In July 1992, the State Council formulated and
circulated the Regulation on the Transformation
of Operational Mechanisms of Industrial
Enterprises Owned by the Whole People,
delegating 14 independent powers of operation
to SOEs.
Phase 3: 1993 to 2003
The establishment of a modern enterprise system was at
the core of SOE reform during this phase.
In 1993, it was made clear that efforts need to be made to
transform the SOE management mechanism and establish a
modern enterprise system that suits the needs of a market
economy, with clearly defined ownership, rights and
responsibilities, and features the separation of government
from enterprises and scientific management.

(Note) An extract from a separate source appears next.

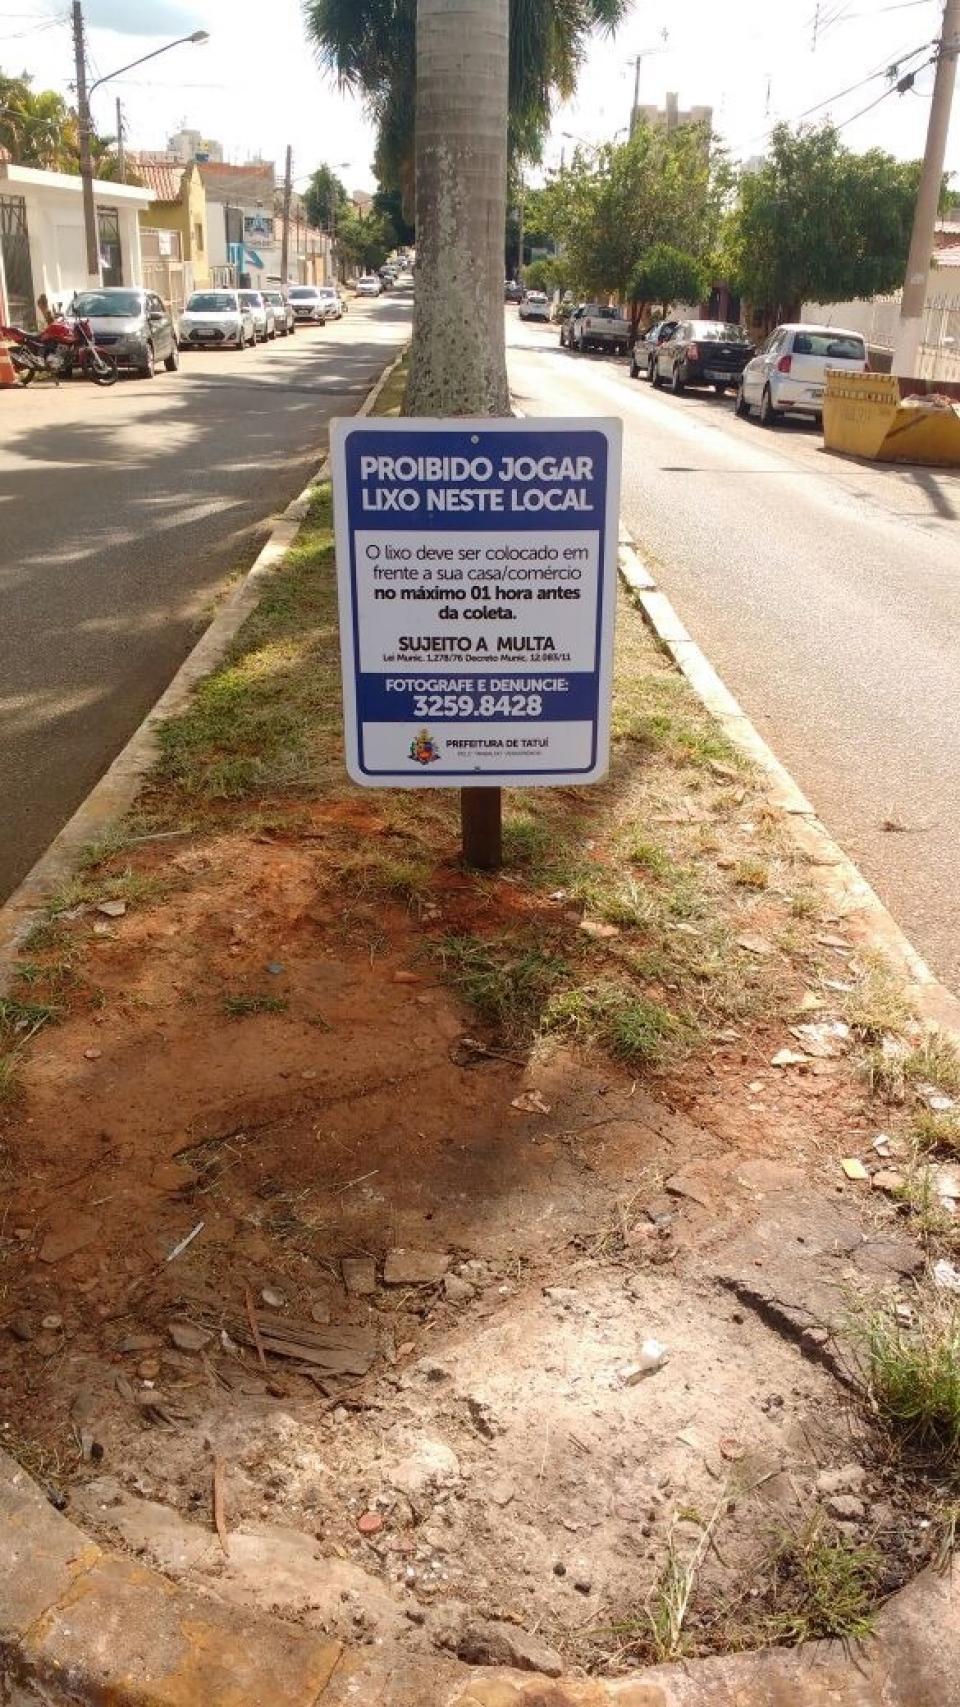 PLACAS COM ADVERTÊNCIA SOBRE O DEPÓSITO DE LIXO FORA DO HORÁRIO DE COLETA SÃO INSTALADAS
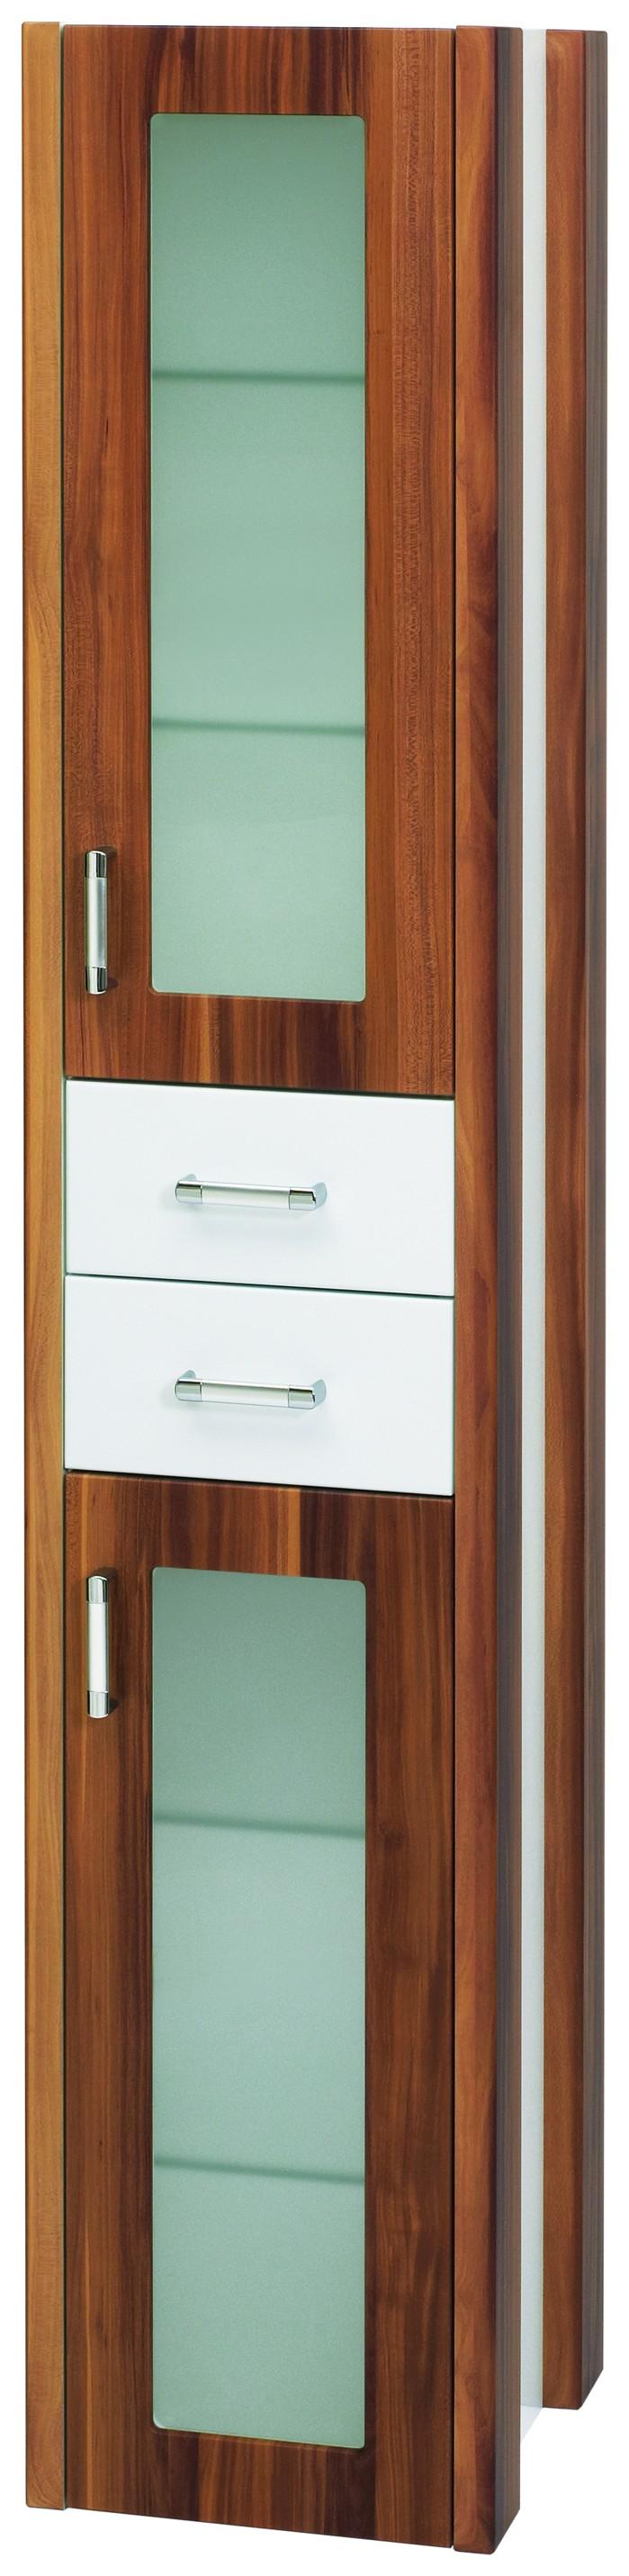 Пенал DrejaМебель для ванной комнаты<br>Тип: пенал, Тип установки мебели для ванной: подвесной, Материал изготовления мебели для ванной: дсп, Цвет мебели для ванной: цвета под дерево, С ящиками: есть, Коллекция: lafutura<br>

Since the early 1990s, a nationwide capital market with
stock exchanges acting as the main agent has gradually
developed and the number of listed companies has grown
exponentially.
Contd
Phase 3: 1993 to 2003
In 2001, China joined the World Trade Organisation and
undertook to adopt the OECD (Organisation for
Economic Co-operation and Development) Principles of
Corporate Governance and improve corporate
governance of Chinese listed companies.
The China Securities Regulatory Commission (CSRC)
and the National Economic and Trade Commission
jointly issued the Code of Corporate Governance of
Listed Companies in early 2002.
This document is based on the OECD Corporate
Governance Principles.
Phase 4: 2004 to present
Historical constraints to good governance of listed
companies started to be gradually addressed from 2004
onwards.
With the help of government regulators, such as those
represented by the CSRC, the level of corporate governance
among listed companies has been constantly improving.
The State Council issued Opinions on Promoting the
Reform, Opening and Steady Growth of Capital Markets in
January 2004, clarifying the strategic importance of capital
markets in national economic development and charting
the course for resolving some long-standing problems.